Кстати, он тоже из тех, кому не требовалось проходить вступительных экзаменов. Он из «местных», из тех, кого Губерман отобрал в оркестр еще до того, как начались экзамены. Его стаж в Эрец-Исраэль не слишком велик — он приехал сюда в тридцать втором, — но этот факт, по-видимому, дал ему некоторое преимущество. Интересно, выдержал бы он суровые экзамены, устроенные в Базеле. С моей точки зрения, это совершенно не важно.
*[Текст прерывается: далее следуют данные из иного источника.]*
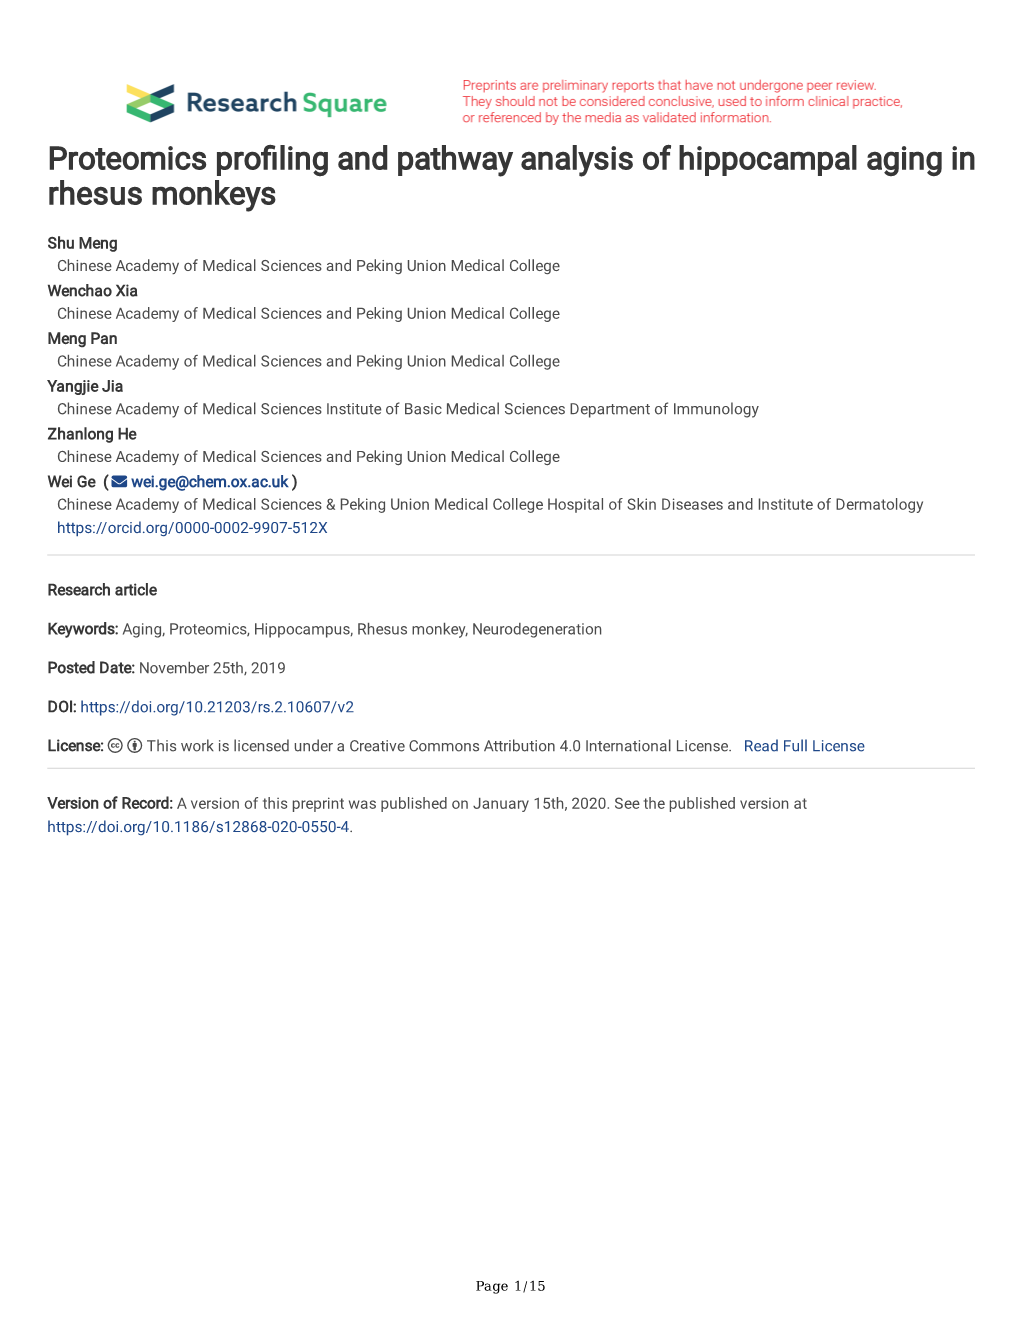 Proteomics Profiling and Pathway Analysis of Hippocampal Aging In

Приехав в Эрец-Исраэль, Фридман вступил в молодежное поселение в качестве сельскохозяйственного рабочего и учителя. До всеобщей забастовки арабов[17] он постоянно ездил в Иерусалим на попутном грузовике, возившем сельскохозяйственную продукцию, — играл там фортепьянные трио с женой британского чиновника и профессором из Еврейского университета[18]. Когда несколько лет назад Губерман приехал в Иерусалим, ему представили трио, гордость города («Я до смерти боялся, когда мы играли перед ним. Мы выбрали отрывок из трио Брамса, которое могли играть в полную силу, и на мое счастье Губерман остановил нас раньше, чем мы дошли до первого пианиссимо…»). Он сам нашел в том, что его пригласили играть в оркестре без экзамена, нечто порочное. Я успокоил его. Не он один такой. Он засмеялся с очаровательной скромностью, когда я привел себя в пример. В этом смехе не было никакой лести. Он еще не знал, куда я гну.